A few practical tips that make a difference:
- Fuel properly. Skipping meals or under eating before your period is a recipe for hormonal chaos. Focus on magnesium, B vitamins, and complex carbs to stabilize blood sugar.
- Sleep more. The luteal phase can disrupt REM sleep. Prioritize good sleep hygiene, dark room, no screens before bed, maybe a warm shower or magnesium drink.
- Recover actively. Foam rolling, stretching, or even slow walks count. Movement increases circulation and helps with PMS related water retention.
- Manage stress. Meditation, journaling, or even quiet time outdoors can lower cortisol and balance your hormones naturally.
- Listen to your body. If you’re constantly sore or mentally exhausted, take it as data. Your body isn’t weak, it’s communicating.
When I stopped treating my body like a machine and started working with it, I found more consistency than ever. I no longer dreaded the luteal phase because I knew exactly what my body needed at each stage.
FAQs about Can Exercise Make PMS Worse?
1. Can exercising too much make PMS worse?
Yes. Overtraining raises cortisol and inflammation, both of which can worsen PMS symptoms like fatigue, mood swings, and bloating.

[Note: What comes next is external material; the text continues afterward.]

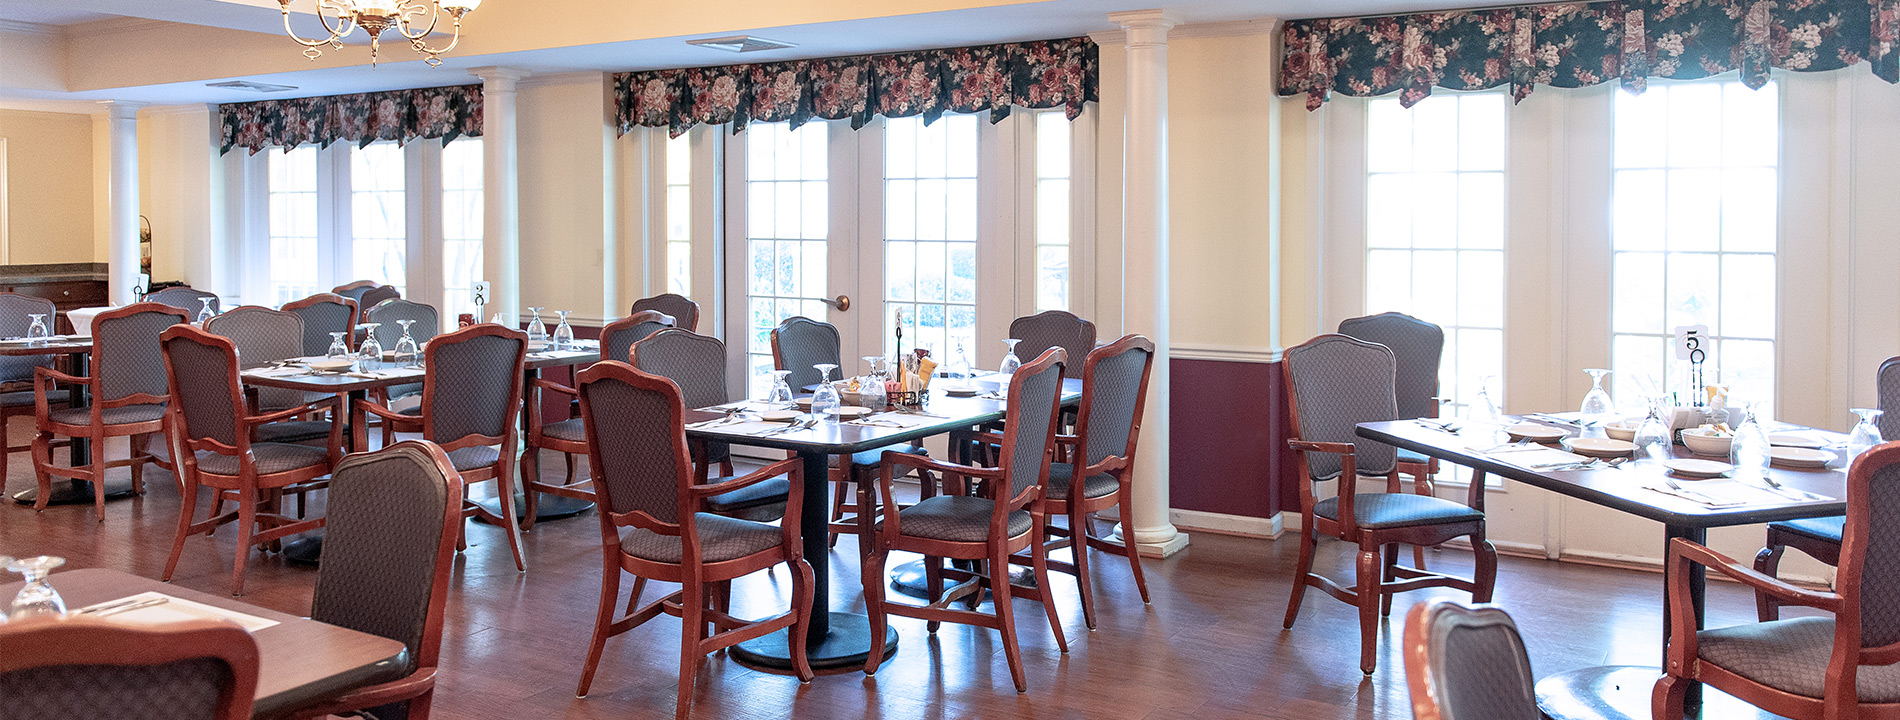 casual dining area with set tables, chairs and bright windows
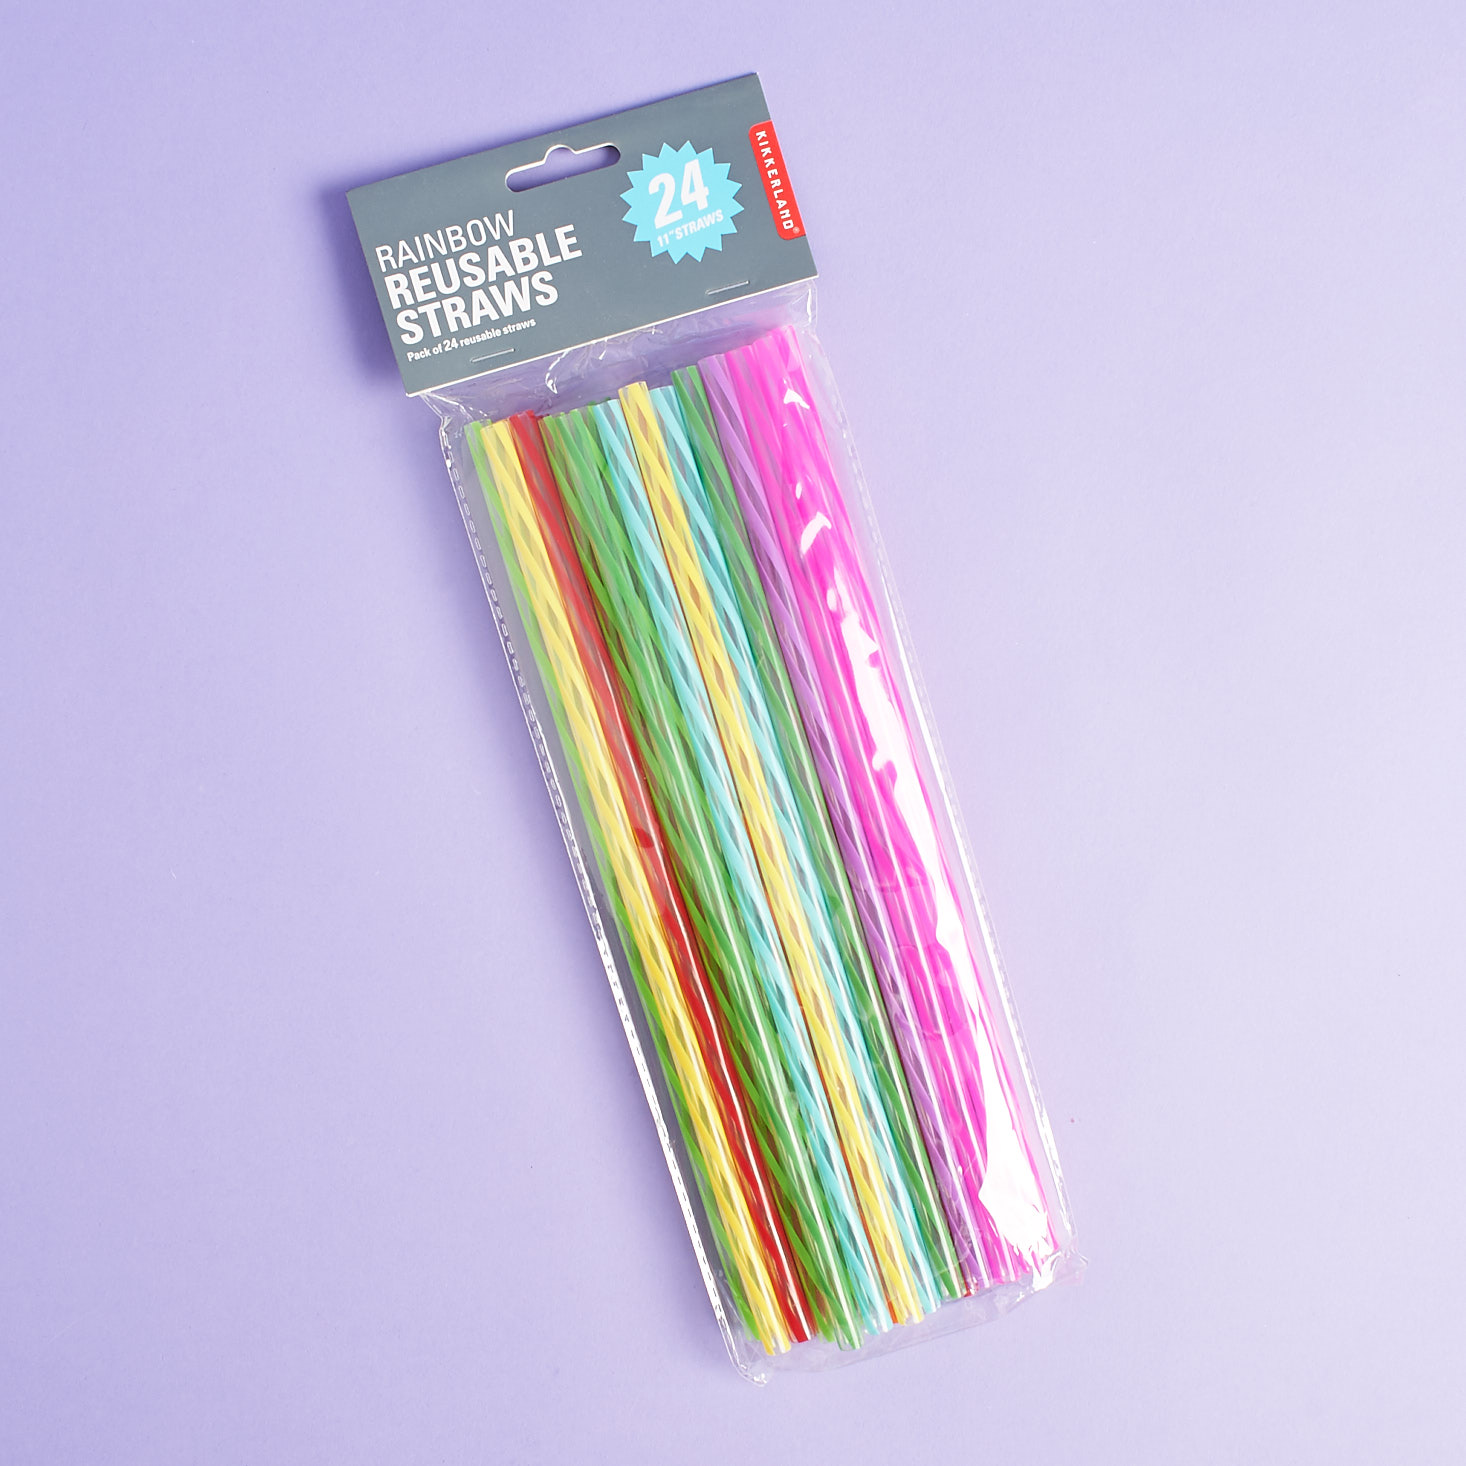 Kikkerland Rainbow Re-usable Straws in package

2. Should I work out during my period?
Yes, but keep it gentle. Light movement improves blood flow and reduces cramps. Think yoga, walking, or stretching rather than heavy lifting.
3. How can I tell if my PMS symptoms are hormonal or from overtraining?
If your symptoms persist beyond your period or worsen with more exercise, overtraining might be a factor. True PMS tends to improve once bleeding starts.
Final thoughts
For years, I wore overtraining like a badge of honour. I thought “no days off” made me stronger. But all it really did was keep me stuck in a cycle of exhaustion and frustration. Once I began training with my hormones instead of against them, I finally felt what real balance was like.
Now, I train smarter, recover better, and no longer fear the days before my period. The truth is, exercise shouldn’t make PMS worse, it should help you feel more in tune with your body.
When you listen, adjust, and move with awareness, everything changes. You stop forcing progress and start flowing with it. Your hormones aren’t holding you back, they’re guiding you forward.
That’s the real secret: not more effort, but more understanding. When you align your workouts with your body’s rhythm, you don’t just feel better you thrive.